Who Runs The Foreign Affairs Committee? John Kerry and Joe Biden Both Have History With This Lesser-Known Organization That Clearly Serves Agendas of the Elite.


The United States Foreign Affairs Committee or the United States Senate Committee on Foreign Relations is one of the most powerful Committees in the United States Senate as it reserves the right to initially approve all State Department nominees.

The current Chairman of the Senate Foreign Relations Committee is John Kerry who had unsuccessfully run for president in 2004 against President George W. Bush and has sat on the Committee for years.

Prior to Kerry taking over as the Chairman of the Committee, current Vice President Joe Biden served in that post since the Democrats won back the Senate in 2006 and was one of the leading Democratic voices against the mismanagement of Iraq by the Bush Administration for years.

Before Biden took over the position, Republican Senator Richard Lugar of Indiana served as the Chairman from 2003 to 2007 after already having held the position from 1985 to 1987.

Foreing Affairs Committee Chairman: John Kerry
Senator John Kerry took over as Chairman of the Foreign Affairs Committee in 2009 at the beginning of the 111th United States Congress after the previous Chairman, Joe Biden, became the Vice President of the United States.

Kerry has been in the Senate since 1985 and had served as Massachusetts’ Lieutenant Governor and District Attorney before that. Kerry is best known for his near presidential win in the 2004 presidential elections against George Bush which he lost by less than 2.5 percent and just thirty-five electoral votes.

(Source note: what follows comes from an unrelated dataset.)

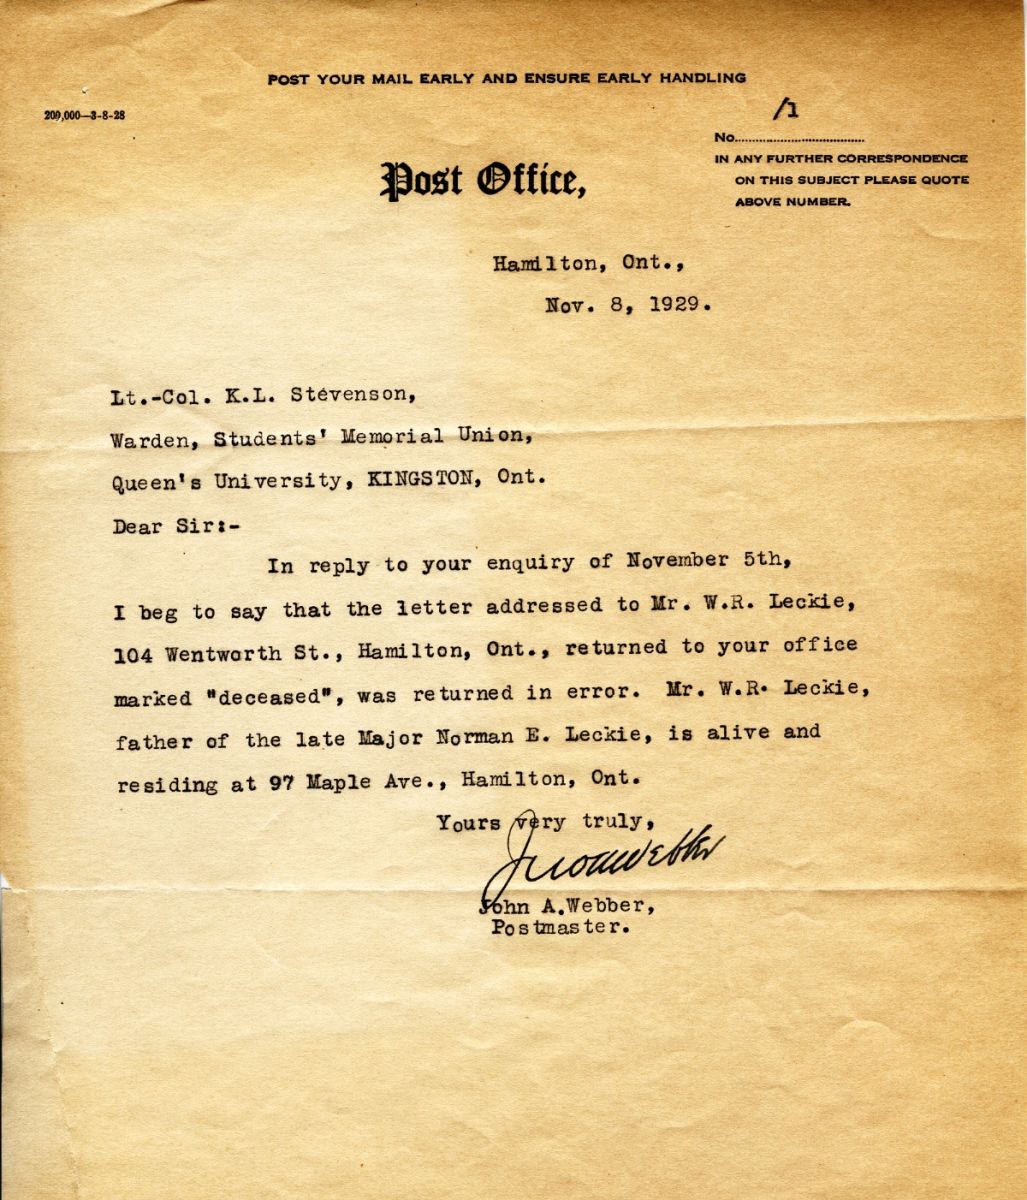 Letter from the Postmaster John. A. Webber to Lt. Col. K.L. Stevenson, 8th November 1929
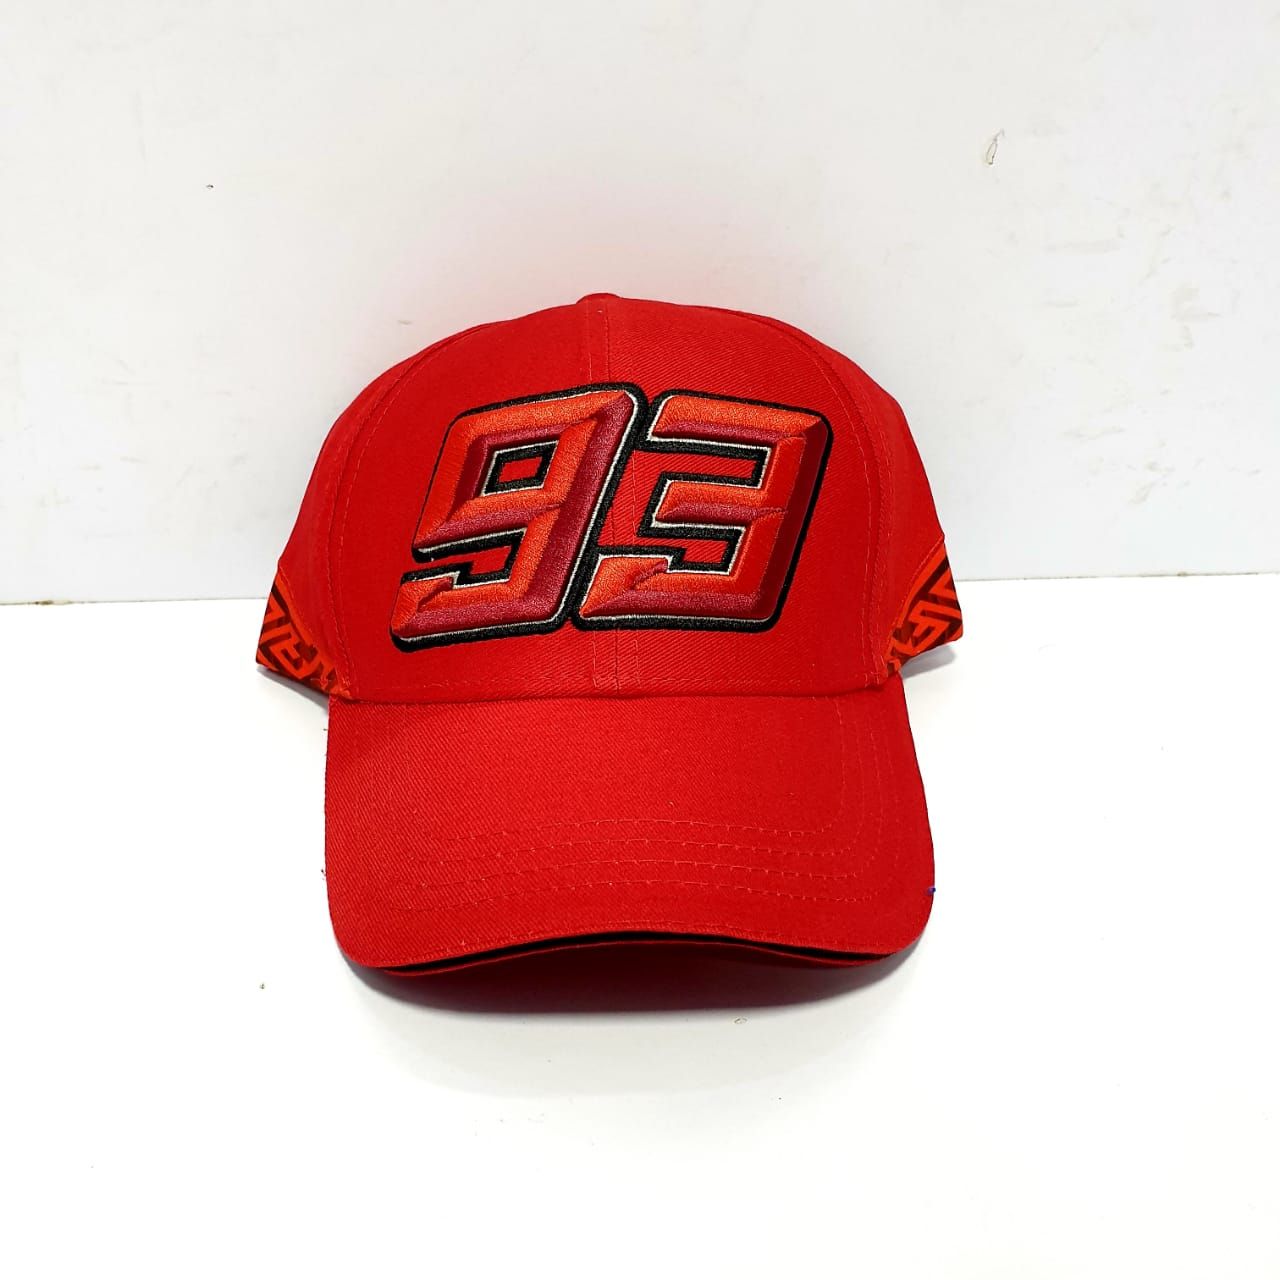 93 Full Red Cap

Kerry has always been a power player, heading up the Senate Iran-Contra hearings and numerous other high profile events. Kerry was on the short list to be picked by Al Gore as his running mate in 2000 and would run for President himself four years later.



Foreign Affairs Committee Chairman: Joe Biden
Joe Biden served as the Chairman of the Senate Foreign Relations Committee from 2001 to 2003 and from 2007 to 2009 and had also served as the Chairman of the Judiciary Committee from 1987 to 1995.

Biden was elected to office before he was even old enough to serve and had been there for thirty five years before becoming the 47th Vice President of the United States.

While on the Senate Foreign Relations Committee, Biden’s pet project was the war on drugs until the War on Terror began and was horribly mismanaged by the George Bush Administration.

Joe Biden ran for president in 2008 and campaigned mostly on his plan for Iraq which included splitting Iraq into three separate entities with their own governments to function under a weaker central government. Biden put this position to the test when he introduced a non-binding resolution that suggested his strategy which passed the Senate with more than seventy votes but never really went anywhere.

Foreign Affairs Committee Chairman: Richard Lugar
Richard Lugar is the former two-time Chairman of the Senate Foreign Relations Committee having served in the position from 1985 to 1987 and then from 2003 to 2007.

The accomplished Senator from Indiana is currently the Ranking Member on the Committee and is the longest serving Republican in the Senate having been there since 1977.

Lugar, who will retire in 2011, is one of the few Republicans (along with Nebraska Senator Chuck Hagel and New Mexico Senator Pete Domenici) who spoke out against George Bush’s Iraq War in 2007 and was a candidate to serve as Secretary of State under President Barack Obama.